Генри и Каролина стояли рядом с импровизированным баром. Каролина была снова беременна – уже в третий раз. Я оглянулся по сторонам в поисках Розалинды.

– Пошла в туалет, – шепотом сообщил мне Генри. – Она безумно хочет познакомиться с Джессикой. Ты не боишься, что это может плохо кончиться?

– Во-первых, мне нечего скрывать. А во-вторых, я думаю, Розалинда даже не подаст вида, что мы знакомы.

– Понятно. В таком случае, с кем же она знакома?

– С тобой, естественно…

Полчаса спустя я заметил, что Розалинда стоит, в углу с Джессикой. Они рассматривали одну из картин. Казалось, я даже слышу, как Джессика объясняет, что именно она хотела этим сказать. Я еще некоторое время понаблюдал за ними и впервые задумался, насколько схожи судьбы этих двух женщин. И одной, и другой пришлось немало страдать по вине мужчин, которых они любили. Мне очень хотелось надеяться, что они подружатся – это было бы хорошо для обеих.

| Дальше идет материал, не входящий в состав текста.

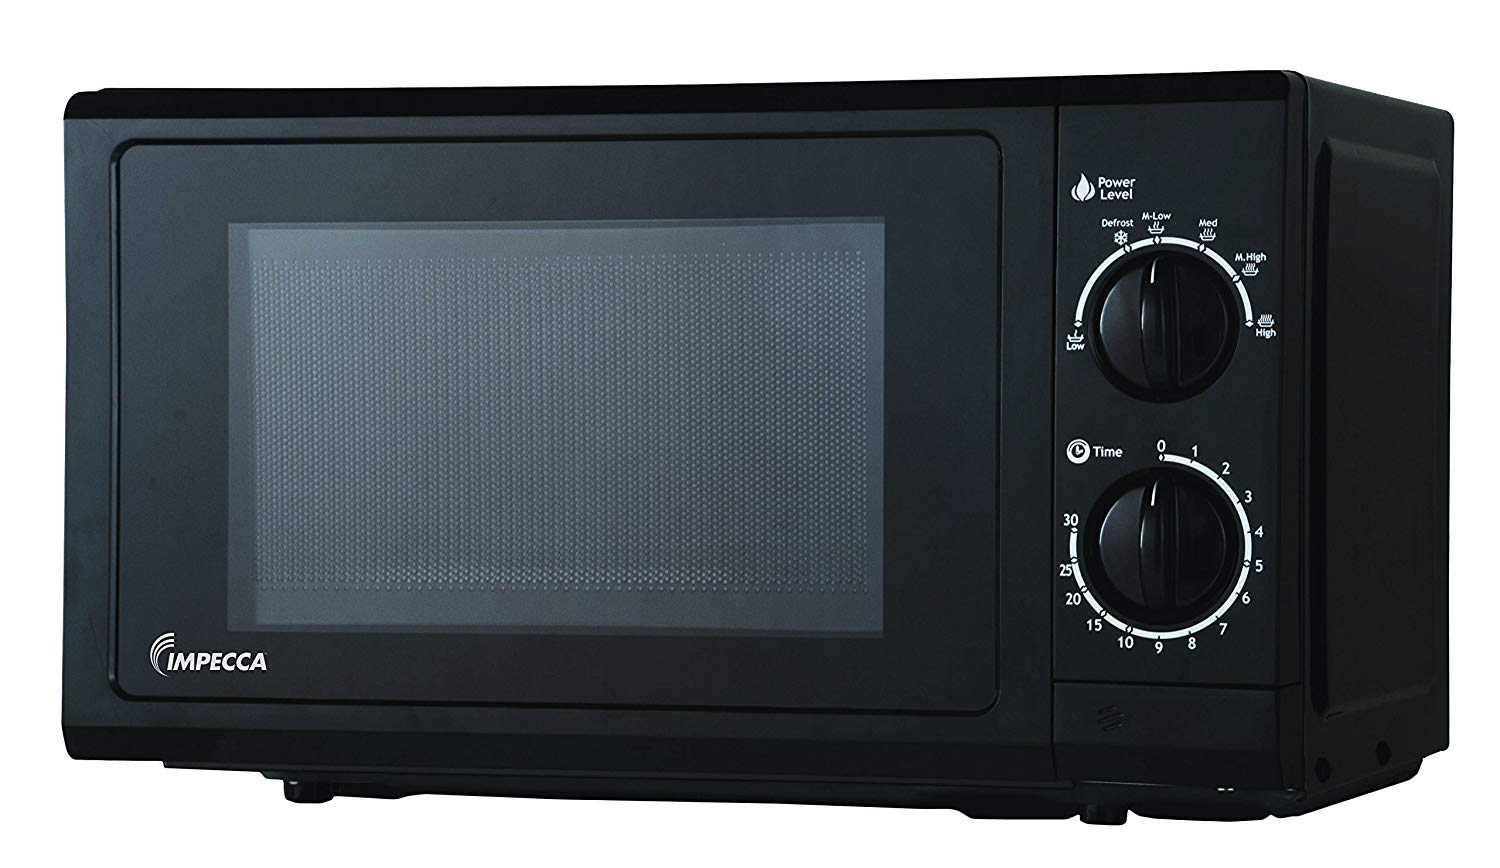 Impecca CM0674 700-Watts Countertop Microwave Oven, 120V 0.6 Cubic Feet, Black

После выставки мы вшестером – Генри, Каролина, Розалинда, Джессика, отец и я – поехали в ресторан. Джессика и Розалинда почти не принимали участия в застольной беседе – они были слишком поглощены друг другом.

С тех пор Розалинда стала частым гостем на Белгрэйв-сквер. Они с Джессикой настолько сдружились, что я постоянно чувствовал себя третьим лишним. Правда, мы с Розалиндой иногда обедали вместе, но она упорно избегала разговоров о Джессике, заметив лишь, что та наконец начинает снова обретать уверенность в себе. Я не мог с этим не согласиться. Во-первых, благодаря Розалинде у Джессики снова пробудился интерес к женскому движению. Я понятия не имел, на какие именно сборища они ходят, но каждый раз, возвращаясь с собрания или демонстрации, Джессика словно становилась другим человеком. Ее борьба за равноправие полов уже не имела привкуса горечи. В ней появилась какая-то новая, не свойственная ей прежде мягкость, которая отражалась и в картинах.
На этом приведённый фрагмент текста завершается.